Volledig Beknopt
Hoofdstuk Inhoud
Beklachten van ontmoediging. (1-10) Met gebed om bevrijding. (11-21) Lofprijzingen voor barmhartigheden en verlossing. (22-31)
Commentaar op Psalm 22:1-10
(Lees Psalm 22:1-10)
De Geest van Christus, Die in de profeten was, getuigt in deze psalm, duidelijk en ten volle, van het lijden van Christus, en de heerlijkheid, die zou volgen. We hebben een droevige klacht over Gods onttrekkingen. Dit kan worden toegepast op ieder kind van God, neergedrukt, overweldigd door verdriet en verschrikking. Geestelijke verlatingen zijn de zwaarste beproevingen van de heiligen; maar zelfs hun klagen over deze lasten is een teken van geestelijk leven, en geestelijk gevoel geoefend. Het uitroepen van: “Mijn God, waarom ben ik ziek? Waarom ben ik arm? getuigt van ontevredenheid en wereldsgezindheid. Maar: “Waarom hebt Gij mij verlaten?” is de taal van een hart dat zijn geluk in Gods gunst vastlegt. Dit moet worden toegepast op Christus. In de eerste woorden van deze klacht stortte Hij Zijn ziel uit voor God toen Hij aan het kruis hing, Mattheüs 27:46. Als waarachtig mens voelde Christus een natuurlijke onwil om zulke grote smarten te doorstaan, maar zijn ijver en liefde hadden de overhand. Christus verklaarde de heiligheid van God, Zijn hemelse Vader, in Zijn scherpste lijden; ja, Hij verklaarde dat zij er een bewijs van waren, waarvoor Hij voortdurend geprezen zou worden door Zijn Israël, meer dan voor alle andere bevrijdingen die zij ontvingen. Niemand die op U hoopte, werd beschaamd over zijn hoop; niemand die U zocht, zocht U tevergeefs. Hier is een klacht over de verachting en smaad van de mensen. De Heiland sprak hier over de verachtelijke toestand waarin Hij was gebracht. De geschiedenis van het lijden van Christus, en van Zijn geboorte, verklaart deze profetie.

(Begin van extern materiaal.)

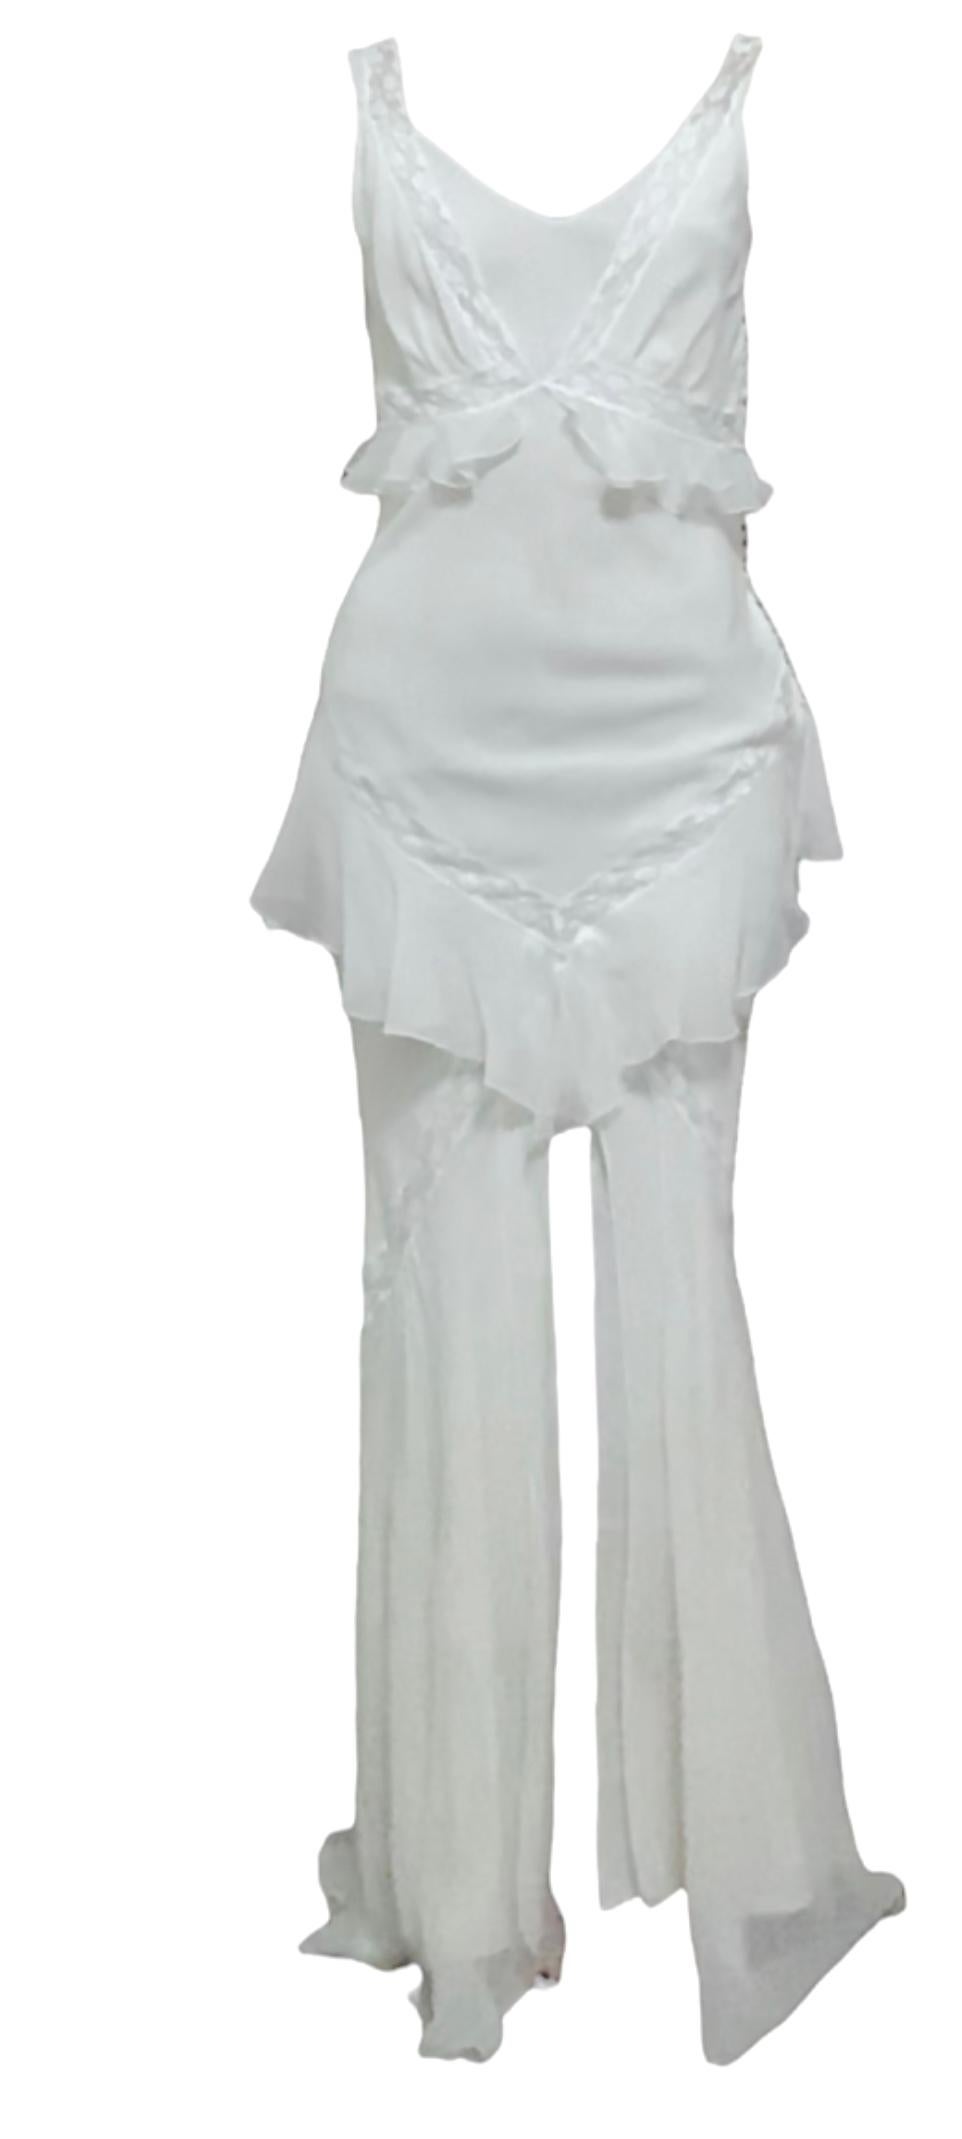 Rare, white silk Christian Dior by John Galliano from the Spring Summer 1999 collection. This two-piece gown features a simple white silk slip overlaid with a lace and ruffled layer with a plunging neckline and low cowl back. They belong together

Commentaar op Psalm 22:11-21
(Lees Psalm 22:11-21)
In deze verzen hebben wij Christus die lijdt, en Christus die bidt; waardoor wij worden geleid om kruisen op te zoeken, en onder die kruisen op te zien tot God. De wijze van Christus’ dood wordt beschreven, hoewel niet gebruikelijk onder de Joden. Zij doorboorden Zijn handen en Zijn voeten, die aan de vervloekte boom werden genageld, en Zijn hele lichaam werd zo opgehangen dat het de hevigste pijn en foltering leed. Zijn natuurlijke kracht ging verloren door het vuur van Goddelijke toorn dat zijn geest teisterde. Wie kan dan Gods toorn weerstaan? Of wie kent de kracht daarvan? Het leven van de zondaar was verbeurd, en het leven van het Offer moest er de losprijs voor zijn. Onze Heer Jezus werd ontkleed, toen Hij gekruisigd werd, opdat Hij ons zou bekleden met het kleed van Zijn gerechtigheid. Aldus stond het geschreven, daarom betaamde het Christus te lijden. Laat dit alles ons geloof in Hem als de ware Messias bevestigen, en onze liefde tot Hem opwekken als de beste der vrienden, die ons liefhad, en dit alles voor ons leed. Christus bad in zijn doodsstrijd, bad ernstig, bad dat de beker van Hem mocht heengaan. Wanneer wij ons niet kunnen verblijden in God als ons lied, laten wij ons dan toch op Hem verlaten als onze sterkte; en de troost nemen van geestelijke steun, wanneer wij geen geestelijke genietingen kunnen hebben. Hij bidt om verlost te worden van de Goddelijke toorn. Hij die verlost heeft, verlost, en zal dat doen. Wij moeten denken aan het lijden en de opstanding van Christus, totdat wij in onze zielen de kracht van Zijn opstanding voelen, en de gemeenschap van Zijn lijden.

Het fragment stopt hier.